Missouri plant families that include such species are Acanthaceae,
Caprifoliaceae, Gentianaceae, and Loganiaceae. In such cases, botanists should
take care to observe young growth where any stipules produced are still
attached.
Another
characteristic of many Rubiaceae, including some of the Missouri species of Houstonia,
is the production of distylous (heterostylous) flowers. In such species, two
different kinds of flowers are produced: a so-called pin flower that has a
relatively long style and short stamens such that the stigma is positioned
above the anthers; a so-called thrum flower that has a relatively short style
and long stamens such that the stigma is positioned below the anthers. Each
individual plant bears only one kind of flower. The different flower forms
function to promote cross-pollination in the species, and additionally they
restrict the plant to breeding with only about half of the other plants in the
population.

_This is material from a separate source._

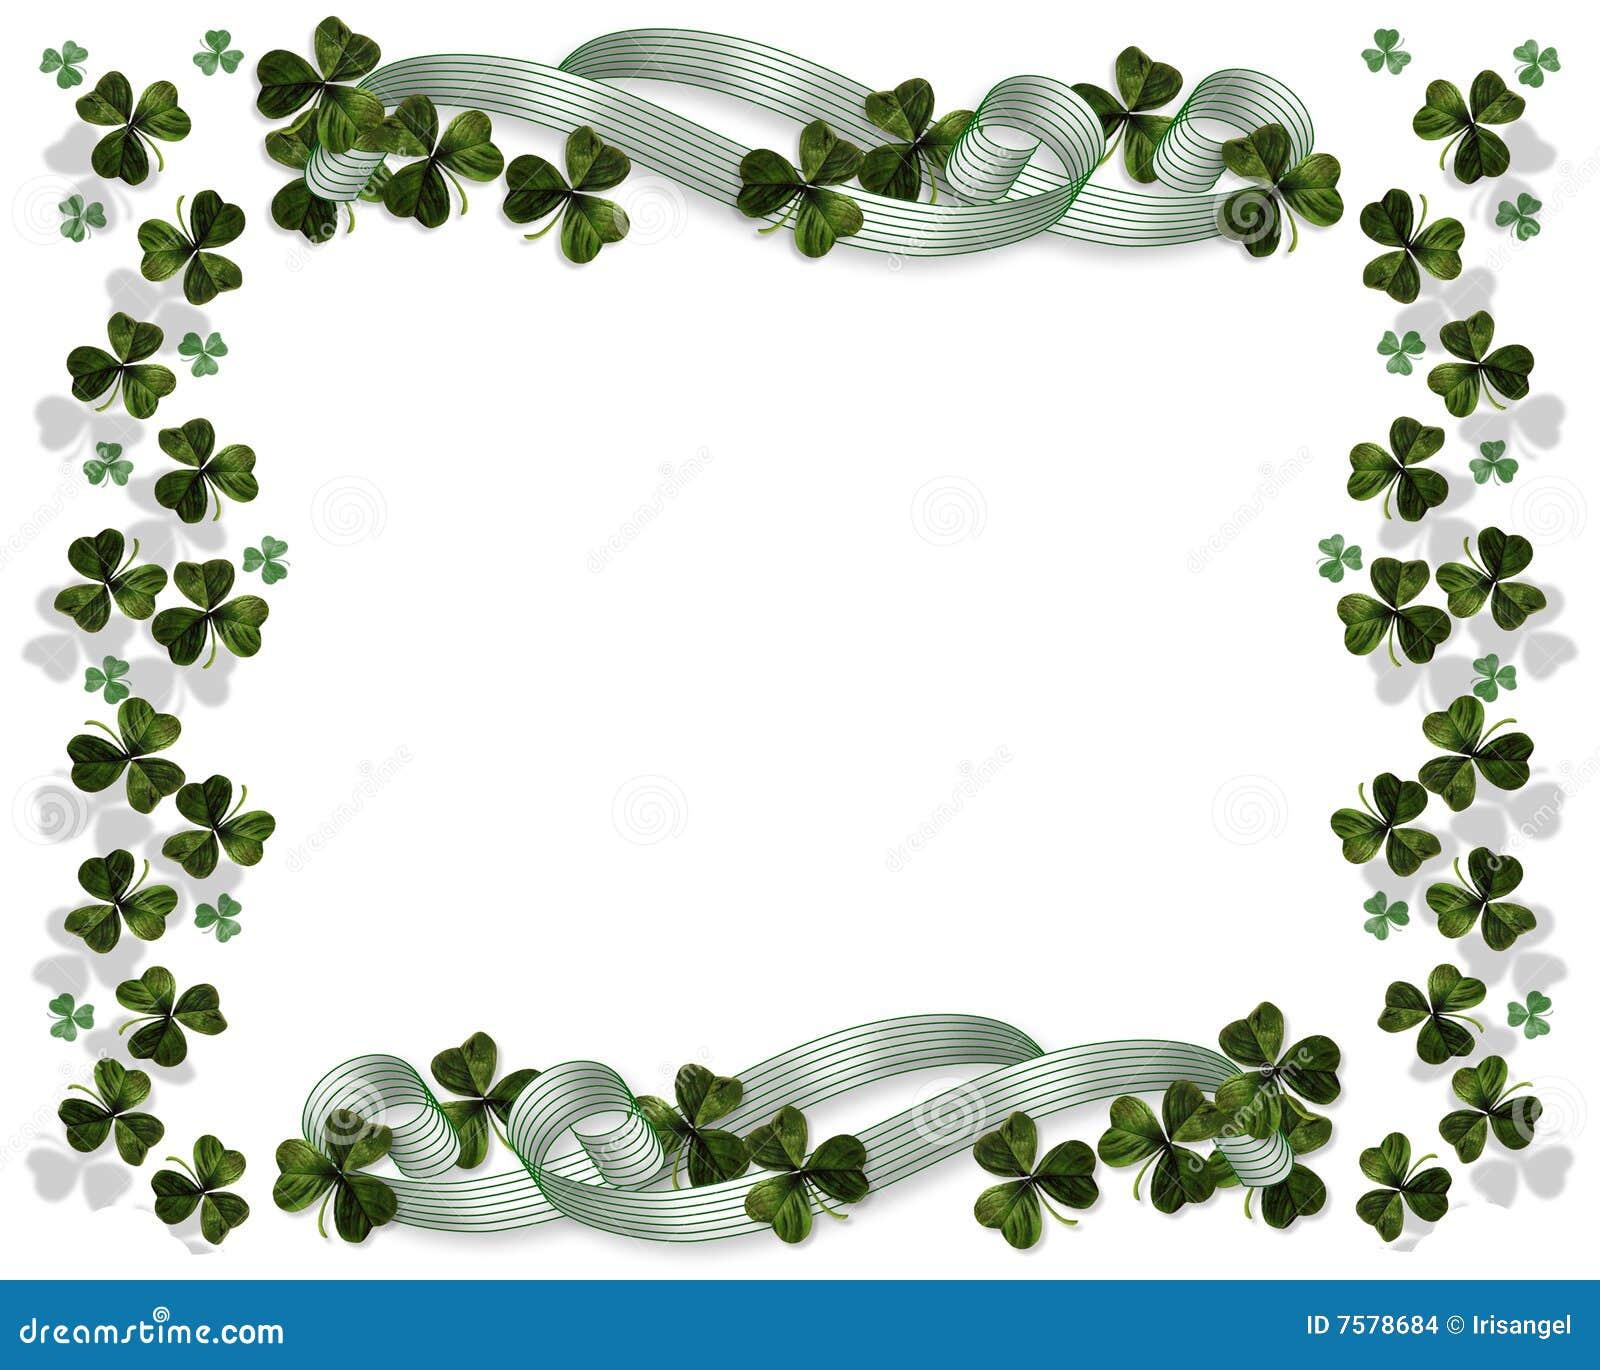 st patricks day border clipart 20 free Cliparts | Download ... |St Patricks Border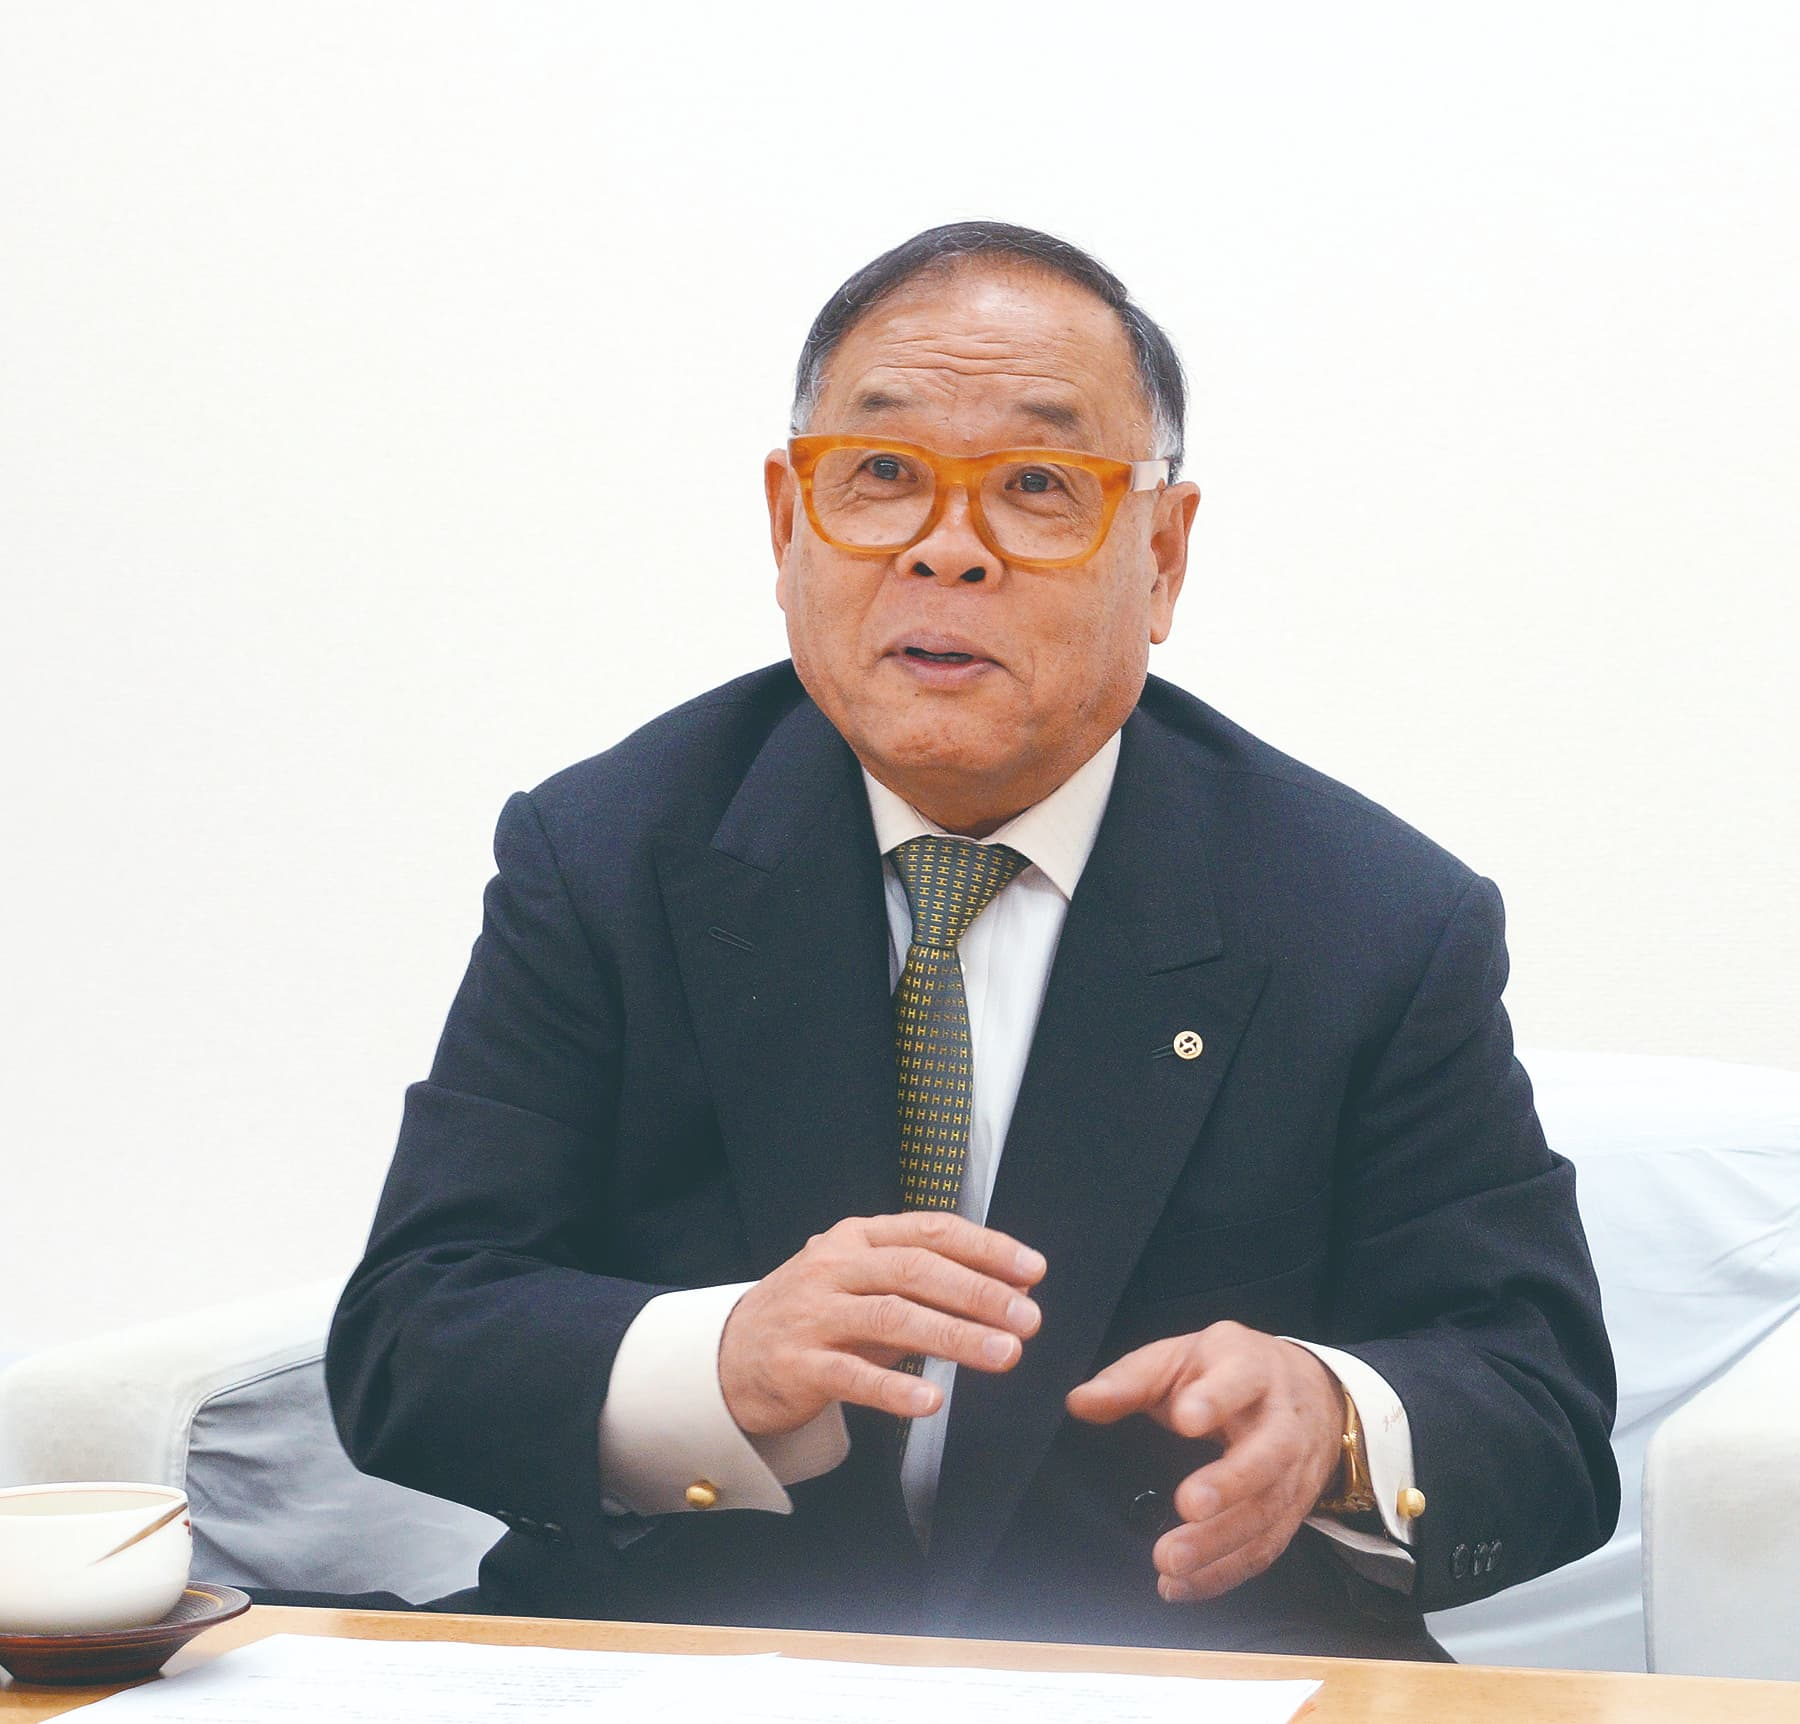 https://course-kagawa.com/wp-content/uploads/2020/03/rakuraku_14.jpg

This is because even though they belong to the same species,
flowers of the same form mostly cannot successfully cross-pollinate other
flowers of the same form, for two reasons. First, because the pollen of a short-styled
flower is deposited in a different position on the body of a visiting insect
than that from a long-styled flower, so that when this insect visits another
flower, the pollen will be transferred successfully to the stigma of only the
other kind of flower. Additionally, Rubiaceae species with heterostylous
flowers have been found to have a chemical incompatibility system that prevents
the pollen of one type of flower from germinating on the stigmas of that same
flower type. Thus, even accidental or artificial pollinations involving the
same flower type are unsuccessful. Species that lack heterostyly (all flowers
have stamens and styles of the same relative lengths) are called homostylous.
At least half of the species in the Rubiaceae are distylous.